Note that for both tracks above to justify a secure PRG, we actually allow a tiny leakage of information. Therefore, perfect security no longer holds for the corresponding ciphers and we need an alternative security definition for ciphers against a computationally bounded adversary. That gives us semantic security, weaker yet practical: instead of enforcing strict equality as in perfect security, we only need them to be close enough, i.e., \(|P_{k\in K}(E_{k}(m_{1})=c) - P_{k\in K}(E_{k}(m_{2})=c)| \leq \epsilon\). A more vivid/practical formulation is again via an attack game as in A Graduate Course in Applied Cryptography 2.2.2 Attack Game 2.1. For a given cipher \(\mathcal{E}=\{E,D\}\) over \((K, M, C)\), experiement \(b \in \{0,1\}\):

  • Adversary A chooses \(m_{0}, m_{1} \in \mathcal{M}\) where \(\|m_{0}\|=\|m_{1}\|\).

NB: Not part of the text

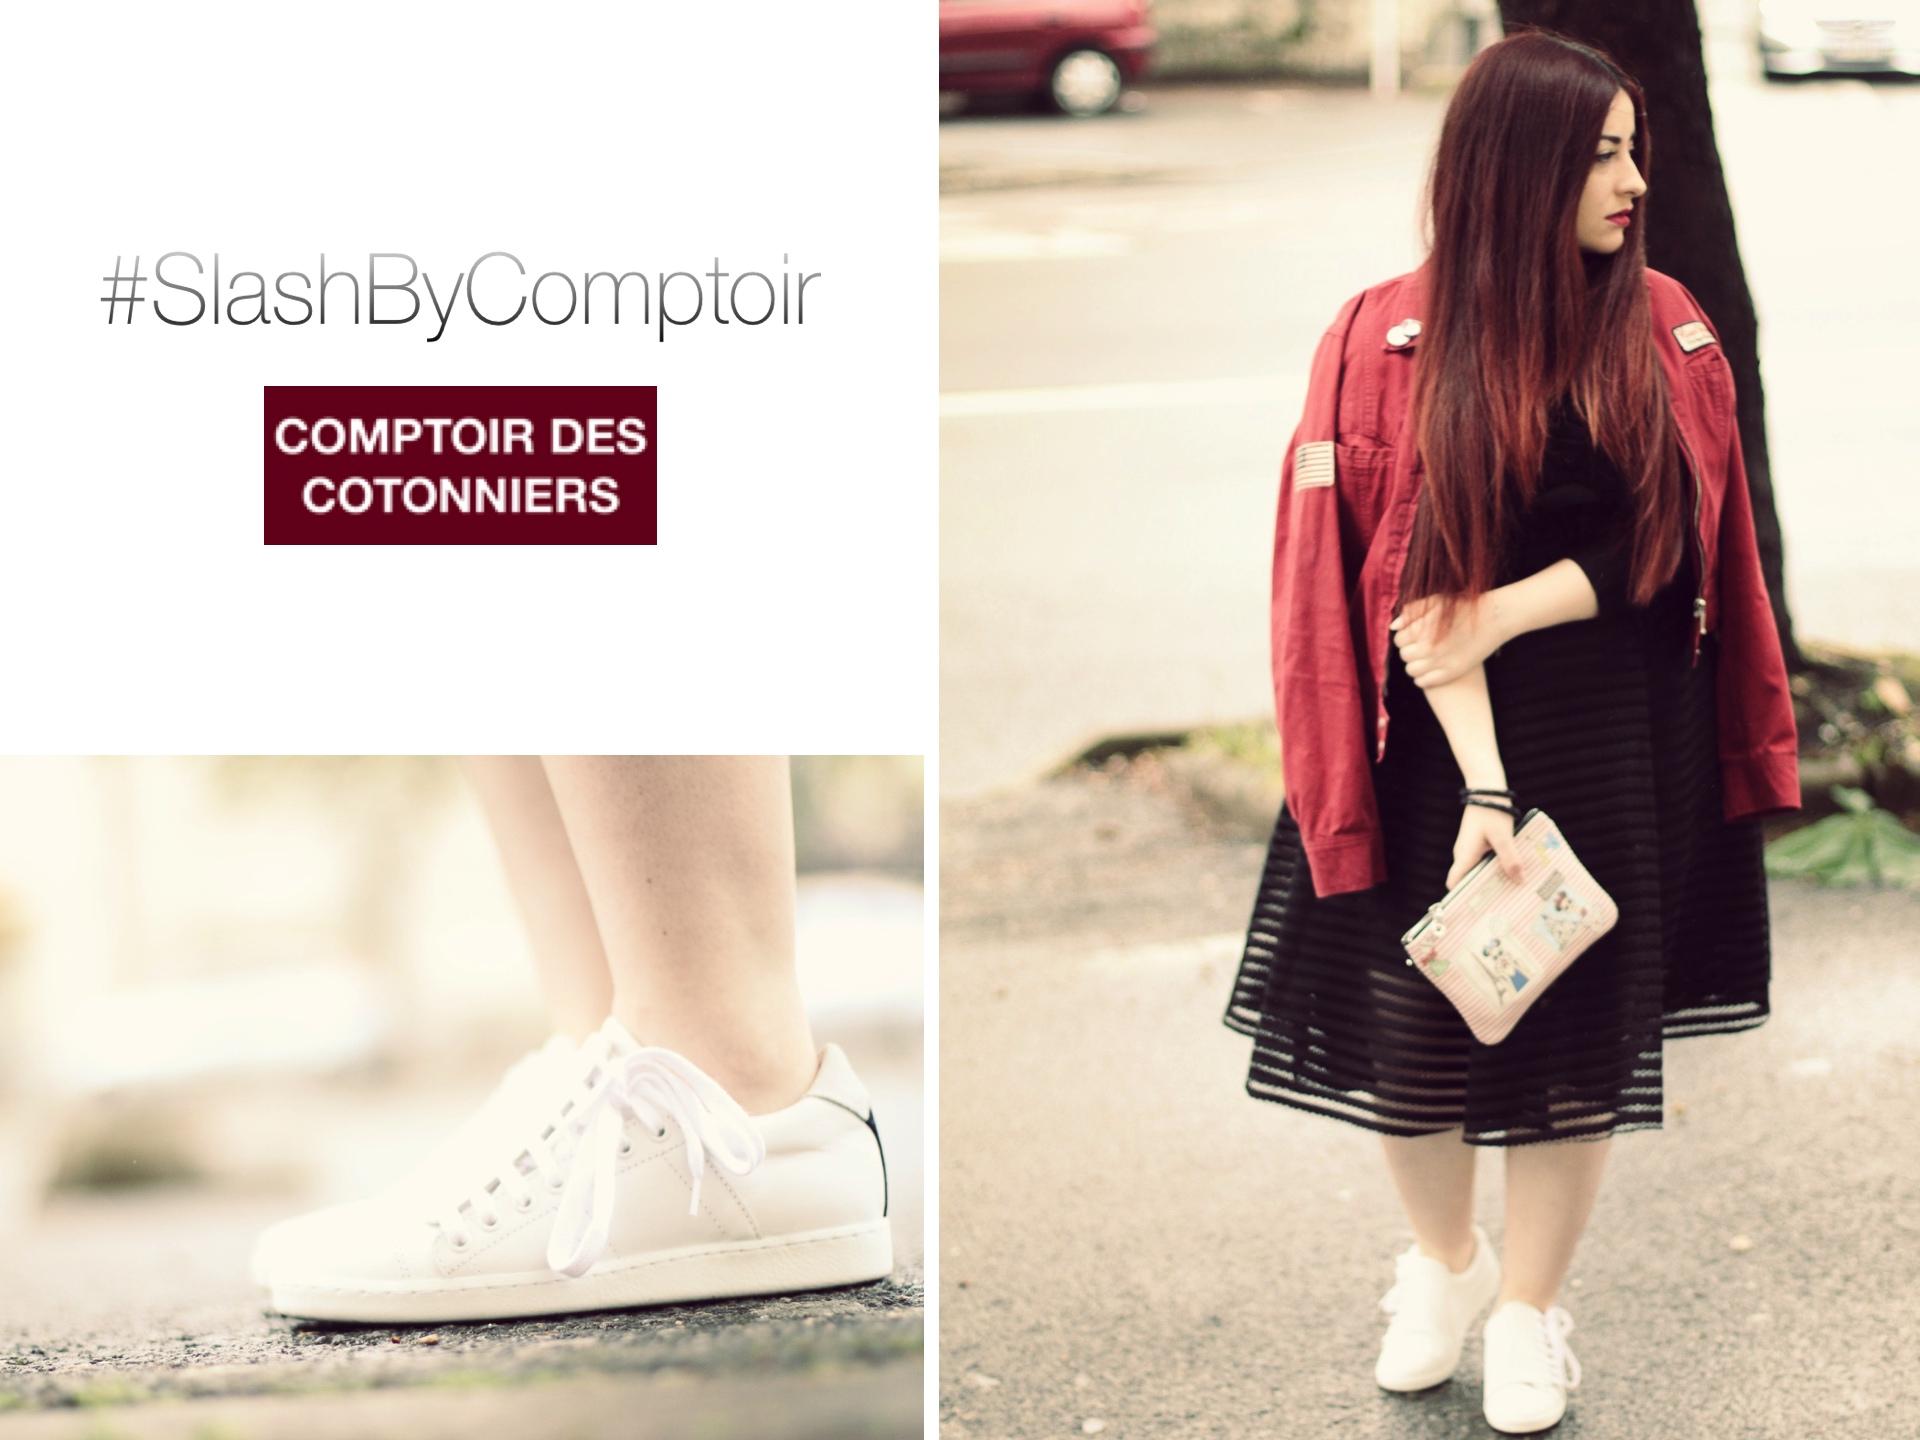 slash by comptoir des cotonniers

  • The challenger computes \(k \in K, c = E_{k}(m_{b})\) and sends c to A.
  • A decides \(\hat{b}\in\{0,1\}\)

A cipher \(\mathcal{E}\) is said to be semantically secure if for all efficient adversaries, the advantage \(Adv(A, \mathcal{E}) = \lvert P(W_{0})-P(W_{1})\rvert\leq\epsilon\) where we denote \(W_{b}\) as the event that A outputs 1 in experiment b. Such formulation is equivalent to Indistinguishability under Chosen Plaintext Attack (IND-CPA) in symmetric case (IND-CPA can also be applied to public key crypto).